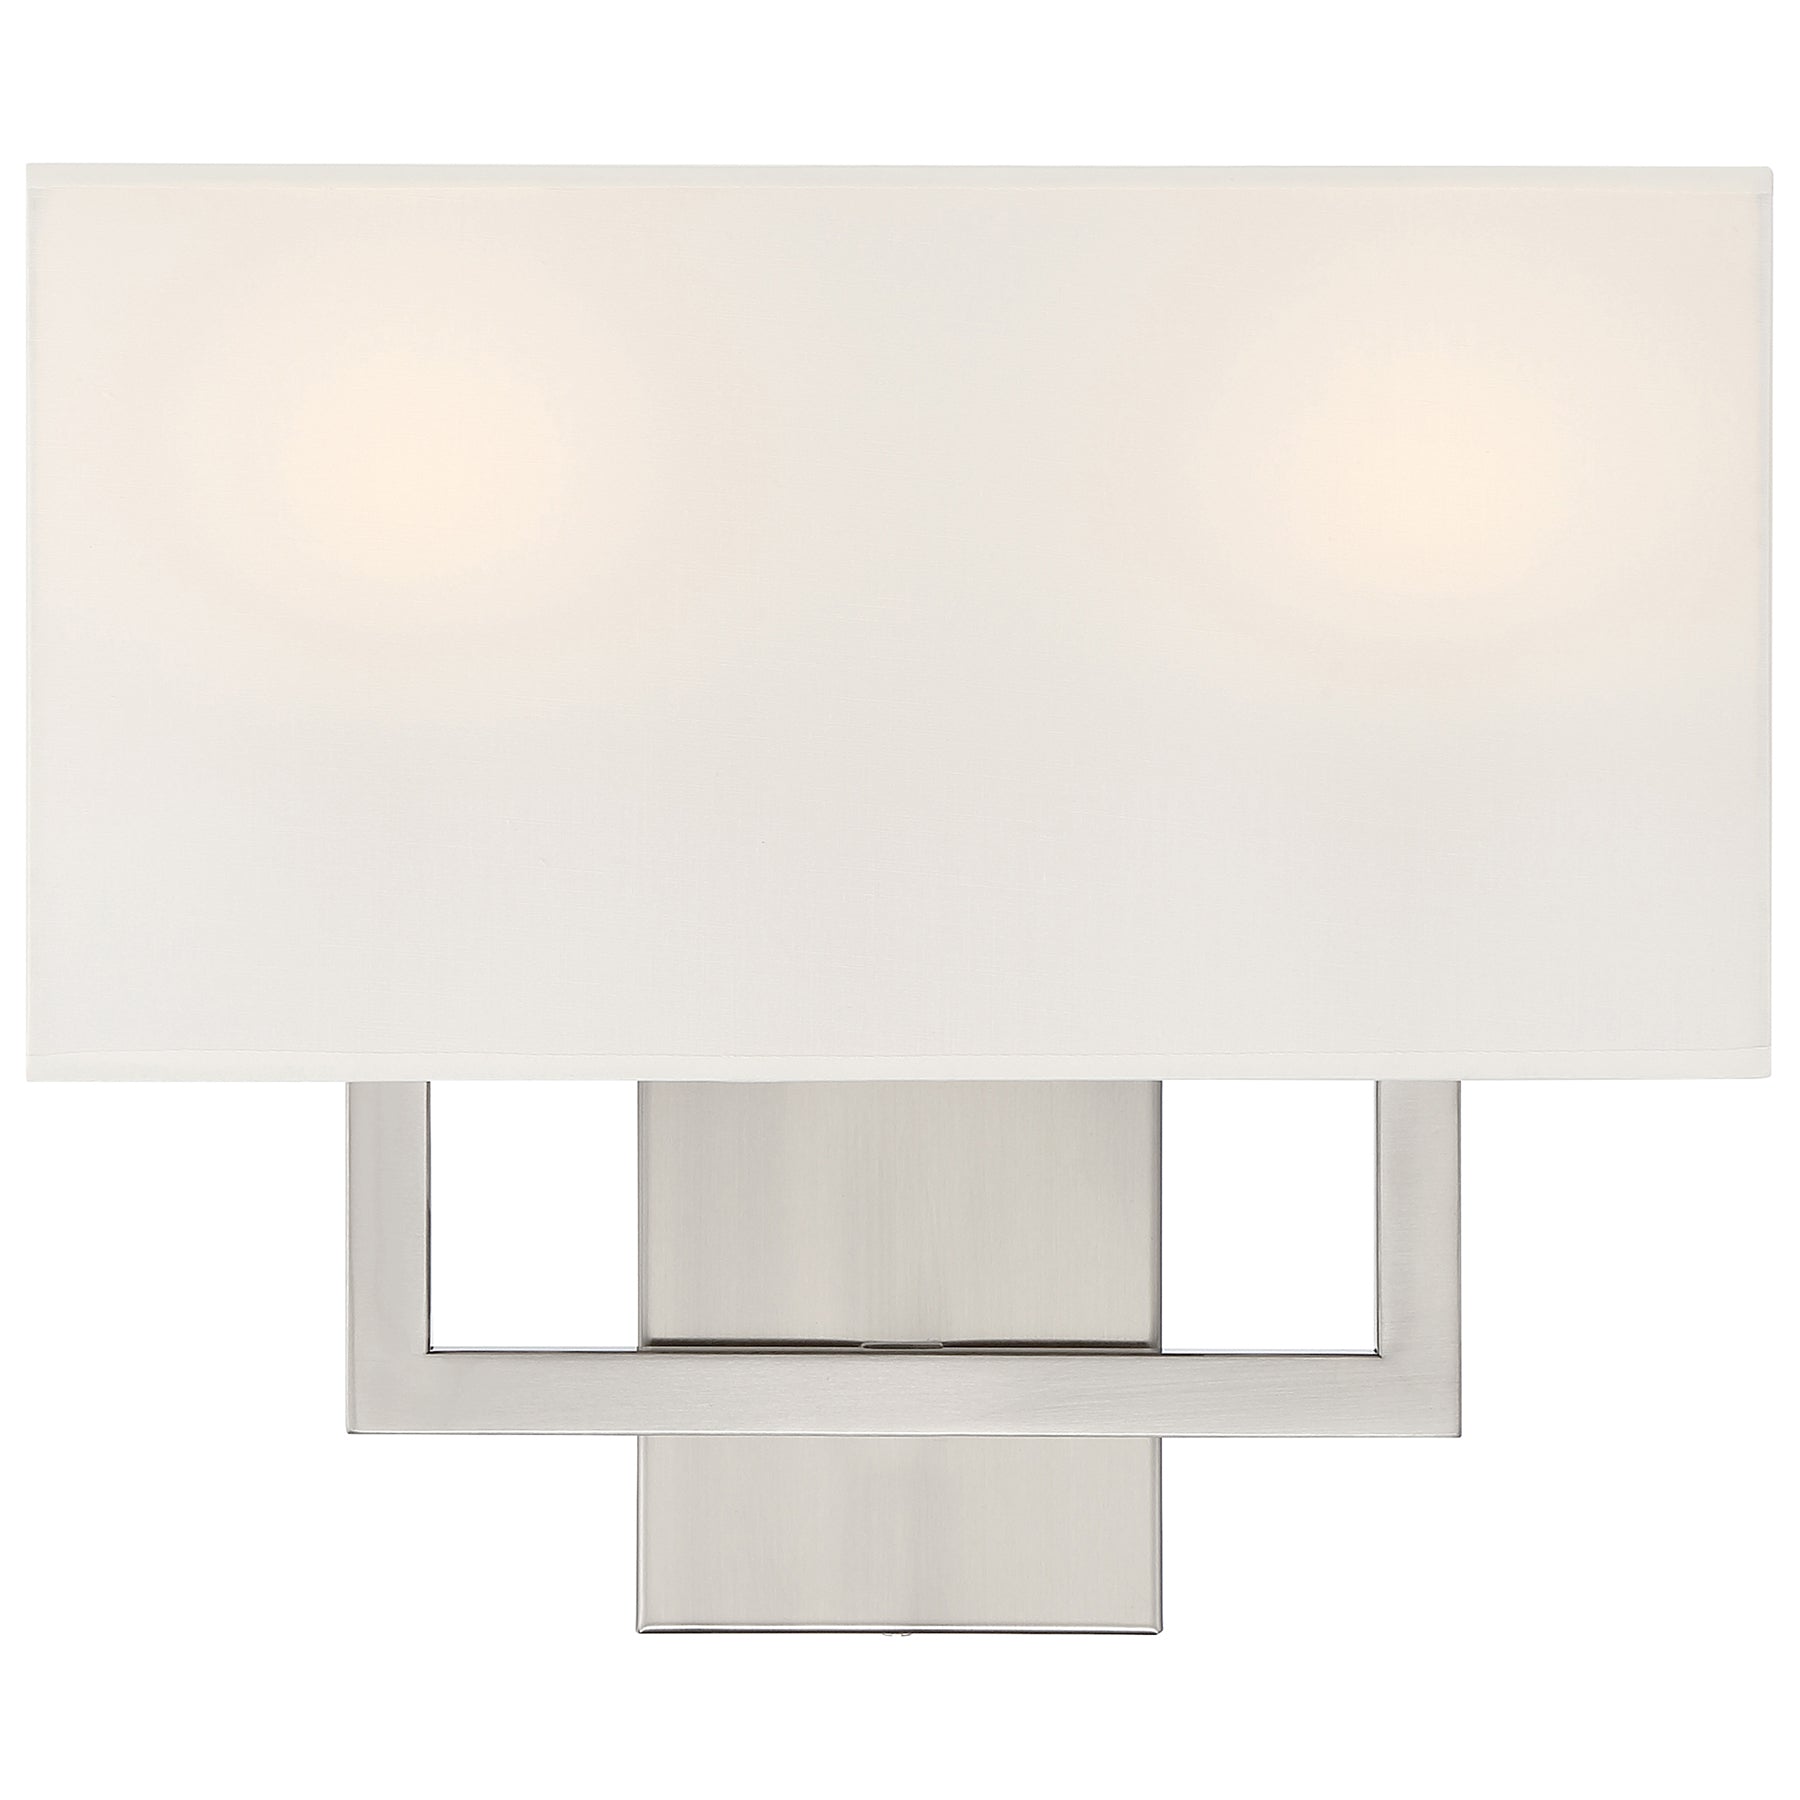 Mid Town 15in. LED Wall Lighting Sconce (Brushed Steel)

============================================================

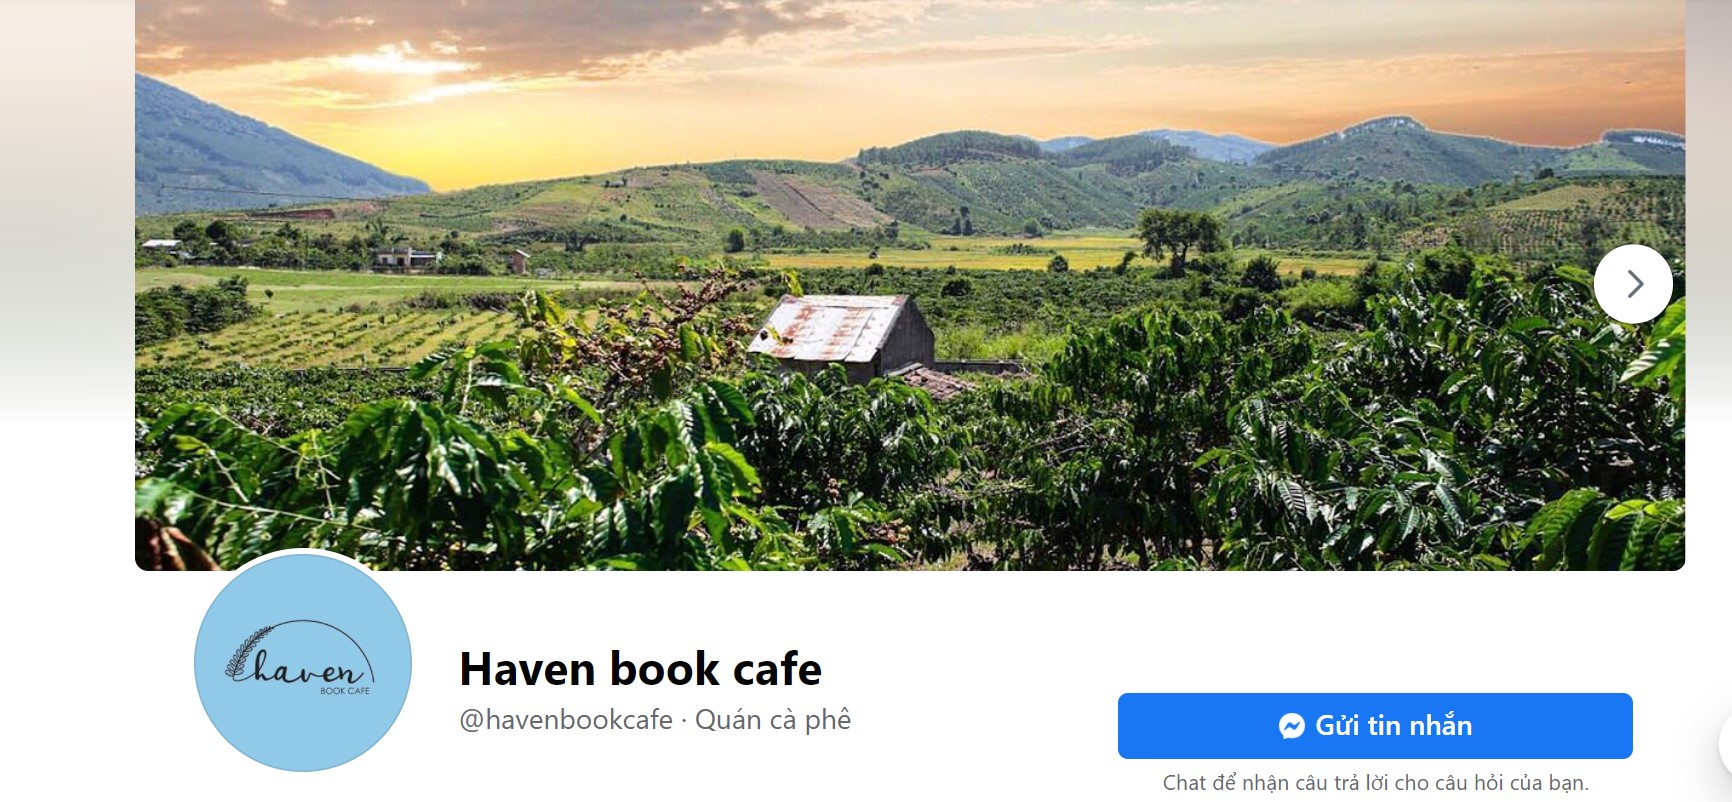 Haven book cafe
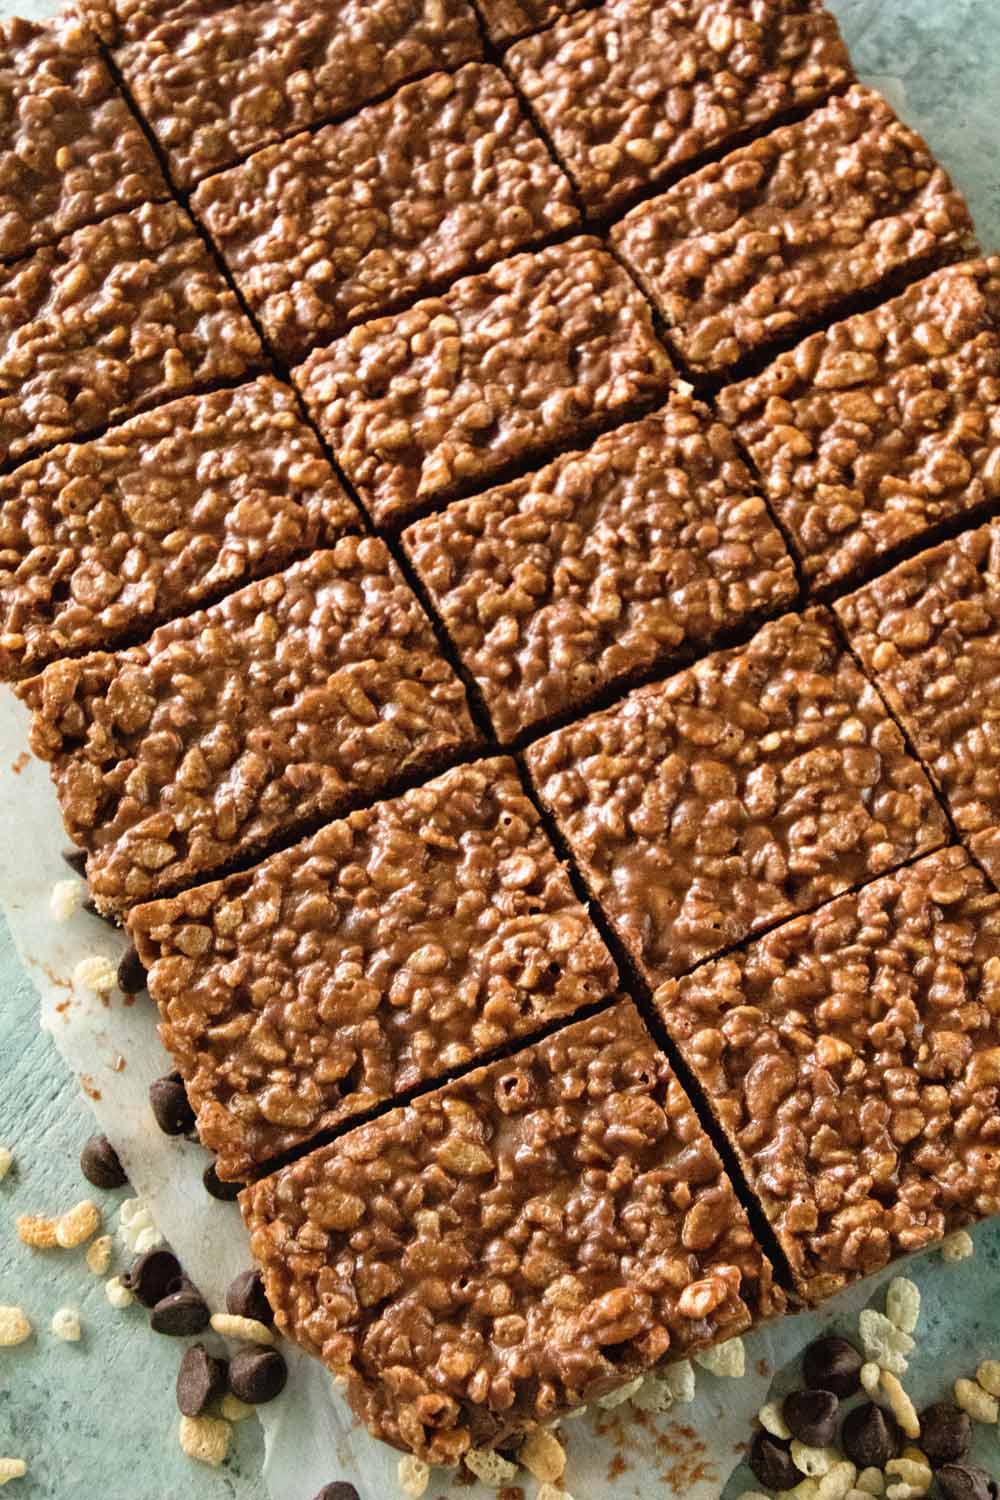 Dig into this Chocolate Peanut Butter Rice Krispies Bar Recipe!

============================================================

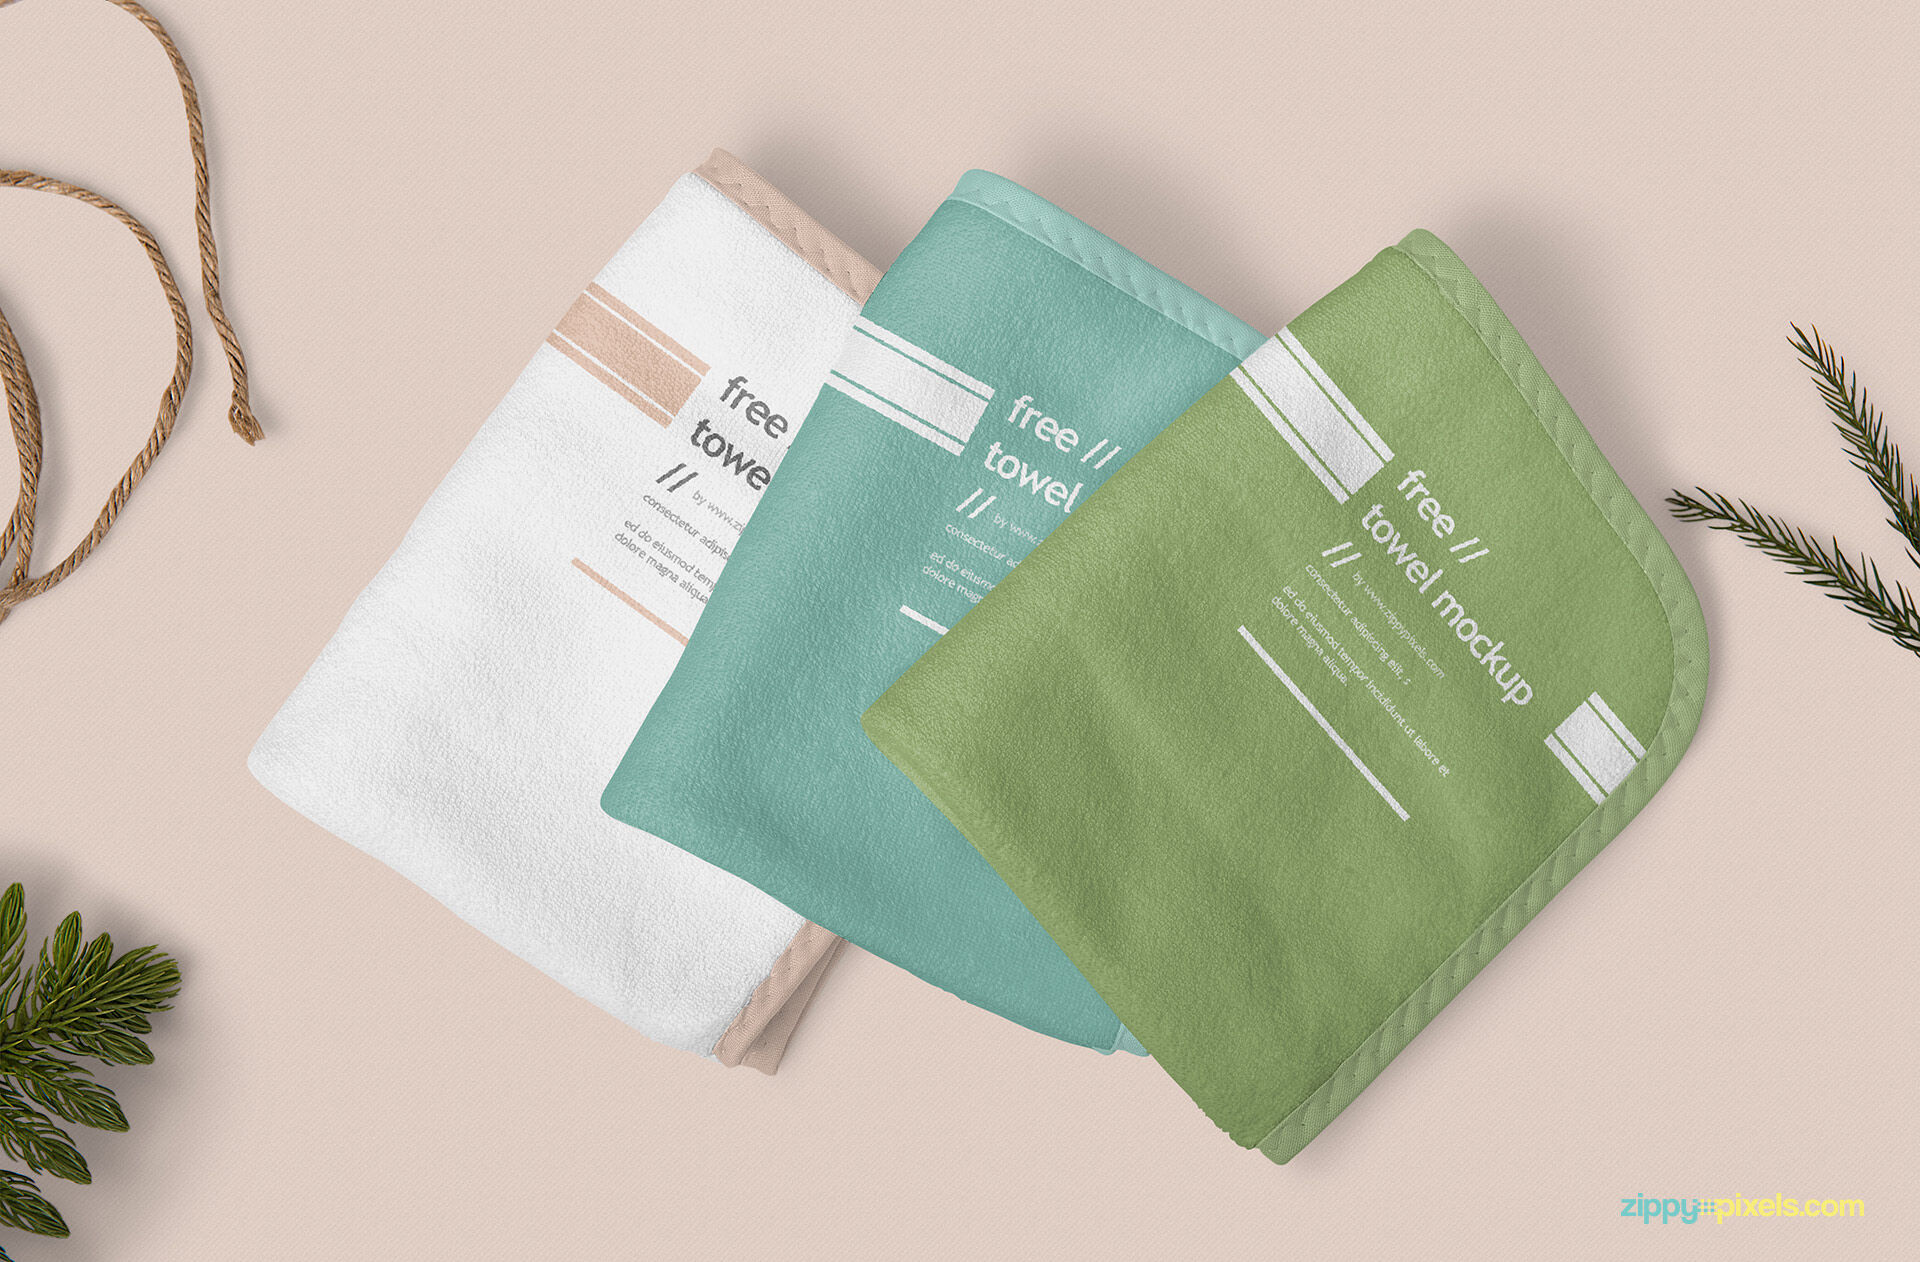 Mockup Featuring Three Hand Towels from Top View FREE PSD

============================================================

• What this task involves: Copy the lines above exactly, starting at the one with "Haven book cafe" and ending at the one with "Dig into this", both included. Leave out any pictures and add nothing else.

• Exercise response:
 Haven book cafe
 Dig into this Chocolate Peanut Butter Rice Krispies Bar Recipe!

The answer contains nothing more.